L’adaptation à des coûts croissants de la mobilité est très difficile pour certaines zones géographiques et/ou pour certaines catégories de ménages à court terme. L’absence de transport collectif et la distance domicile travail font que bien souvent la voiture est indispensable au quotidien pour beaucoup. Bien sûr, le problème dépasse largement le sujet de la taxe carbone et rejoint aussi des problématiques importantes portant sur l’aménagement et le développement des territoires et des opportunités économiques pour leurs habitants.

Pour autant, compenser les ménages qu’on peut identifier comme étant vulnérables à l’augmentation des prix des carburants ou plus généralement de l’énergie apparaît comme une politique souhaitable et cela peut se faire à travers un chèque carburant ou énergie. Le signal d’un prix ambitieux du carbone est alors à même d’encourager aux solutions de mobilité partagée, de co-voiturage et d’offrir des perspectives là où c’est possible.
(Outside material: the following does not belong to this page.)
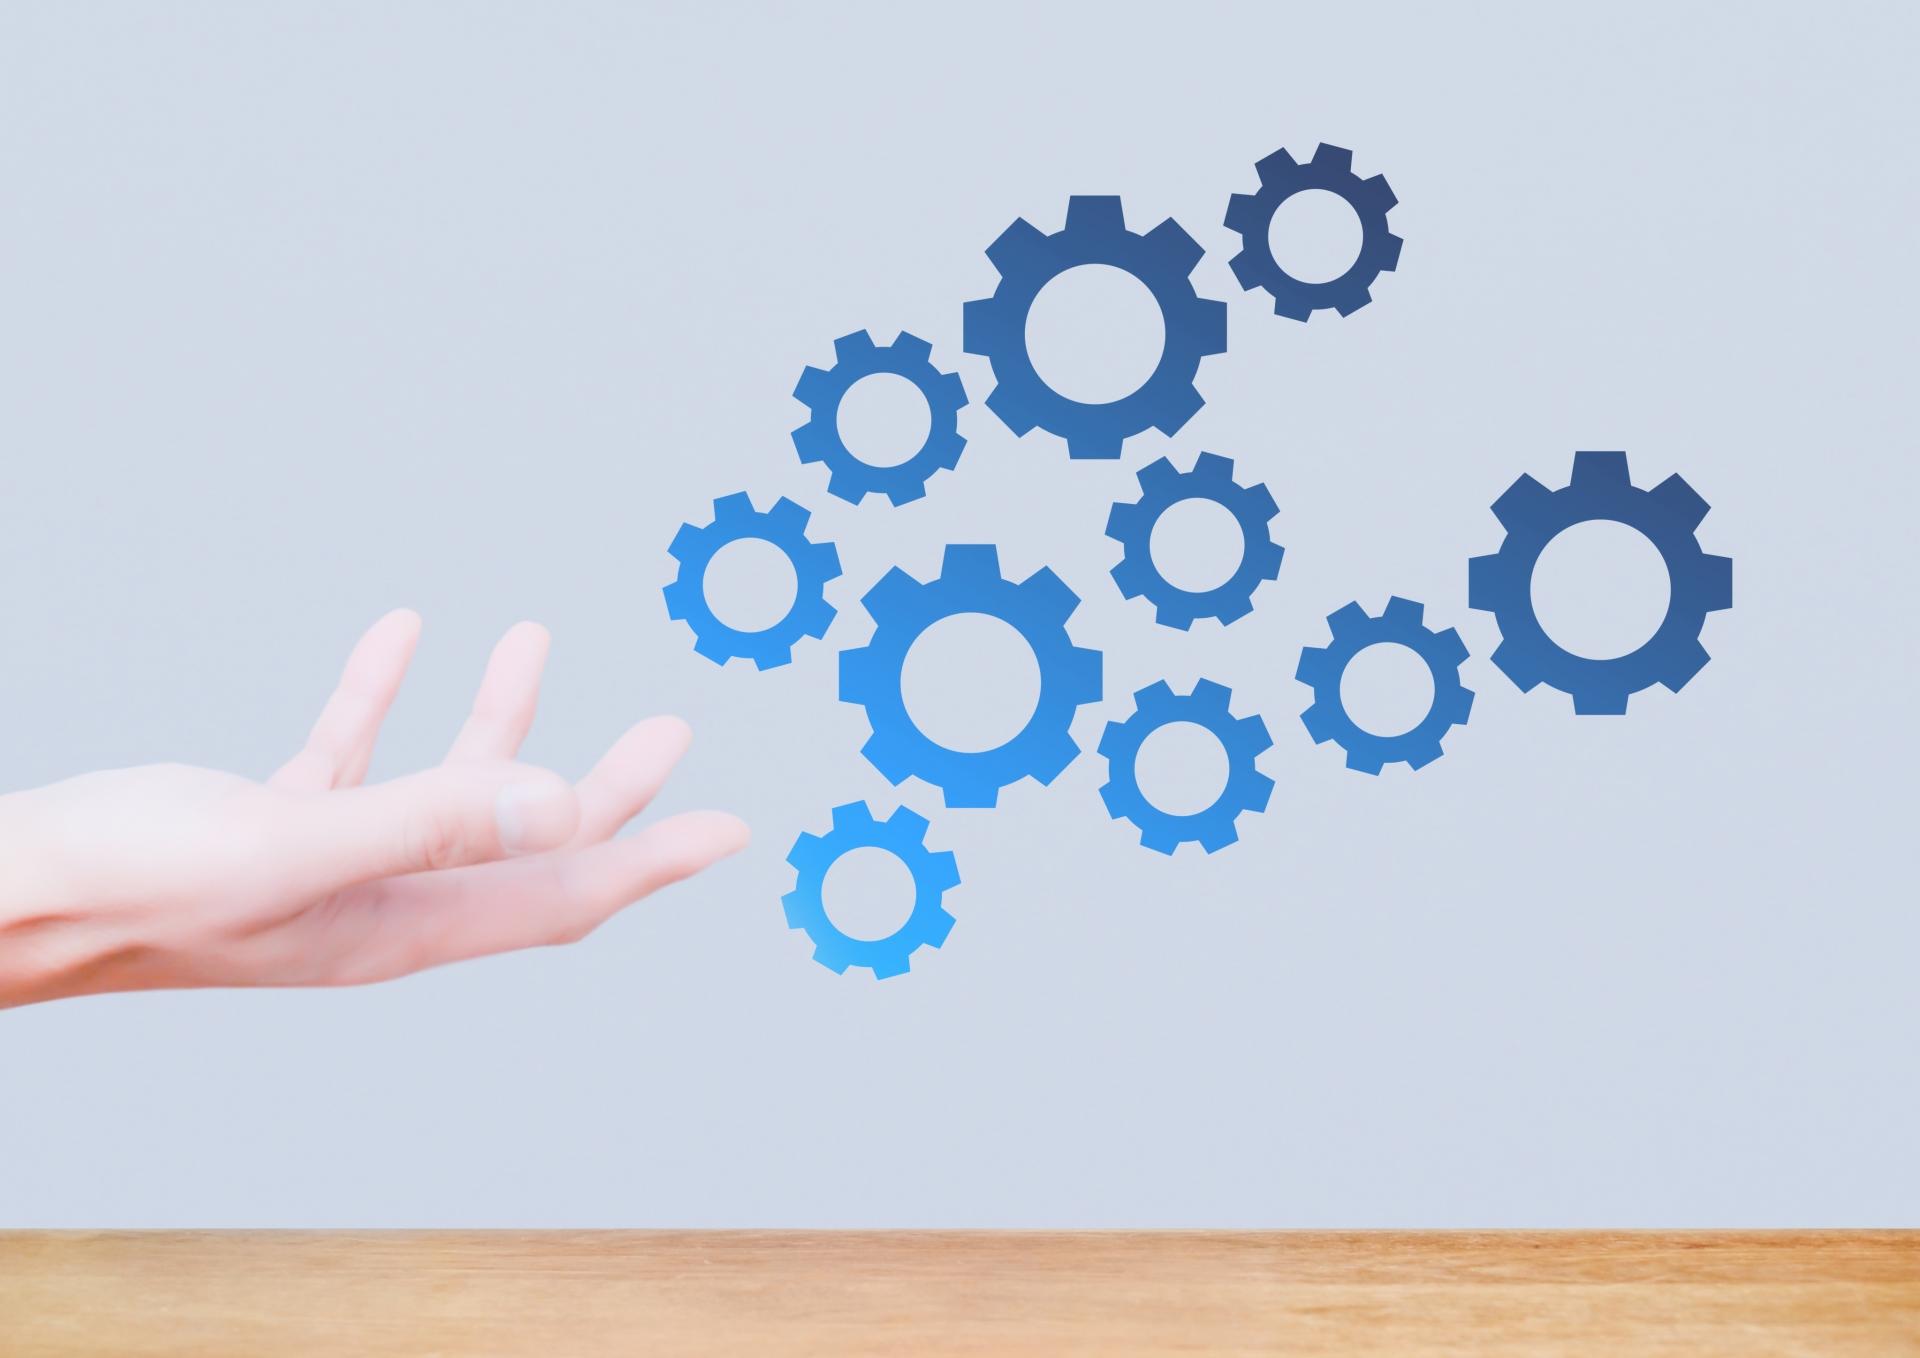 顧客育成に重要な戦略と視点まとめ_ソフトウェア
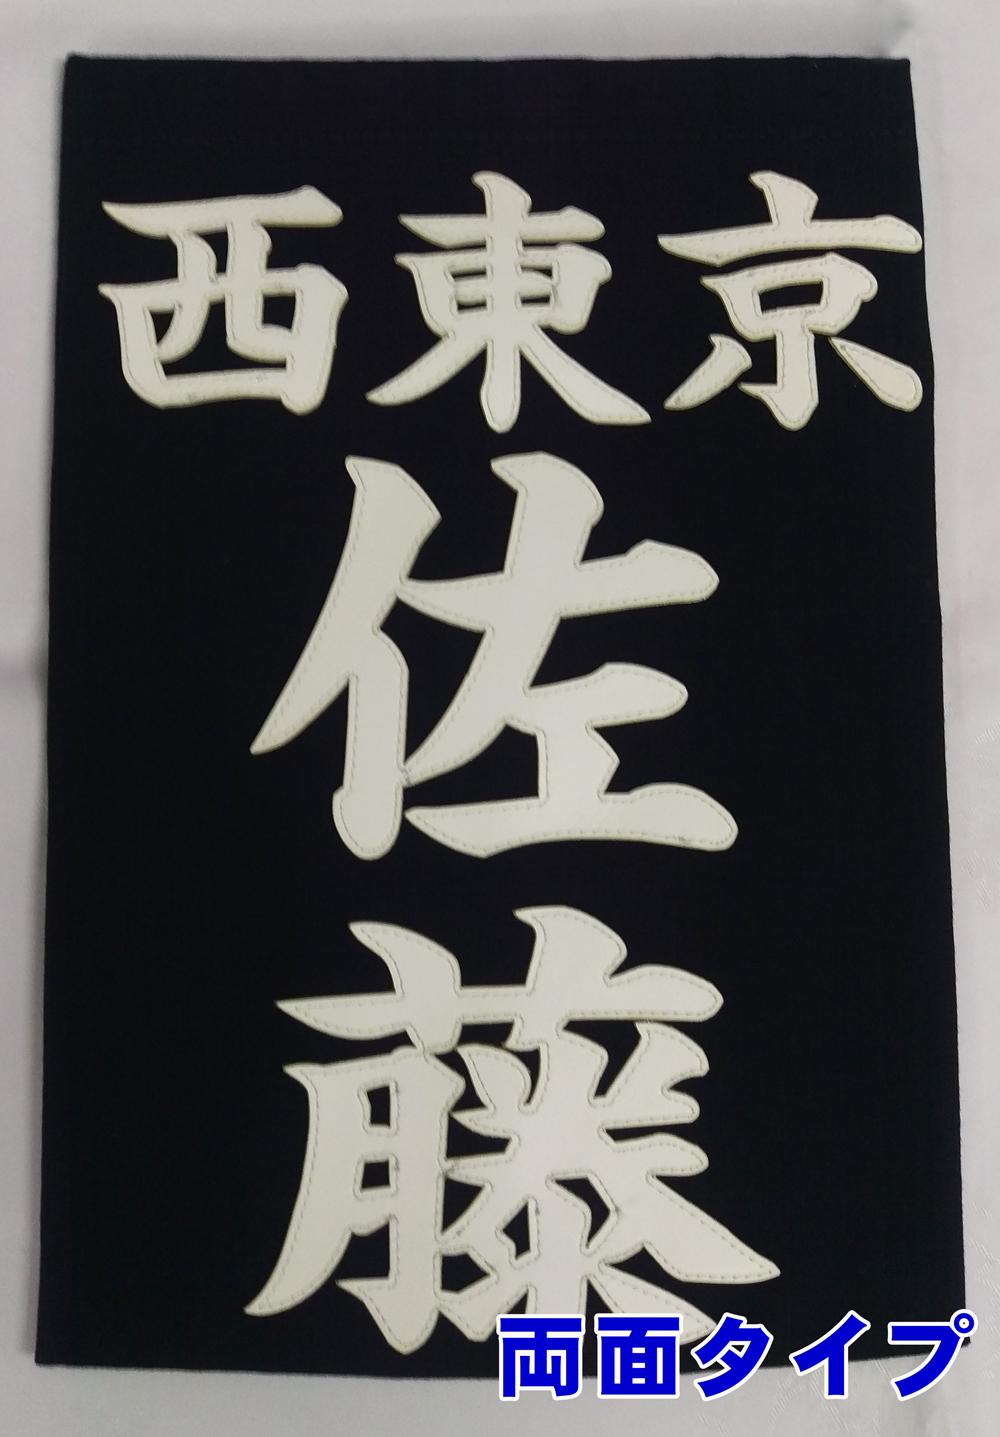 垂ゼッケン 楷書体 クラリーノ製 両面タイプ

En d’autres termes, de réduire les émissions partout où cela est possible à moindre coût.

Une telle politique de prix incitatif pour la pollution combinée à un chèque compensatoire a donné d’excellents résultats en ce qui concerne la taxation des émissions atmosphériques de NOx en Suède et en Norvège, qui a permis de réduire fortement cette pollution en changeant les comportements des industriels pollueurs, compensés soit sur la base du chiffre d’affaire soit sur la base des dépenses en matière de contrôle de la pollution.

Bien sûr, les situations et contextes ne sont pas les mêmes, mais nous avons les moyens d’être inventifs et astucieux pour identifier et compenser de manière adéquate les ménages les plus exposés et qui ne peuvent s’adapter à court terme. Les problèmes de fin de mois sont très importants mais avons-nous pour autant le choix de nous détourner du futur ?

Philippe Bontems
Directeur de recherche à l’INRA
Membre de la Toulouse School of Economics


[1] Calvet, L., & Marical, F. (2011). Consommation de carburant: effets des prix à court et à long terme par type de population. Économie et statistique446(1), 25-44.

[2] Conseil des prélèvements obligatoires, « Les Taxes affectées : des instruments à mieux encadrer », Juillet 2018, https://www.ccomptes.fr/fr/institutions-associees/conseil-des-prelevements-obligatoires-cpo.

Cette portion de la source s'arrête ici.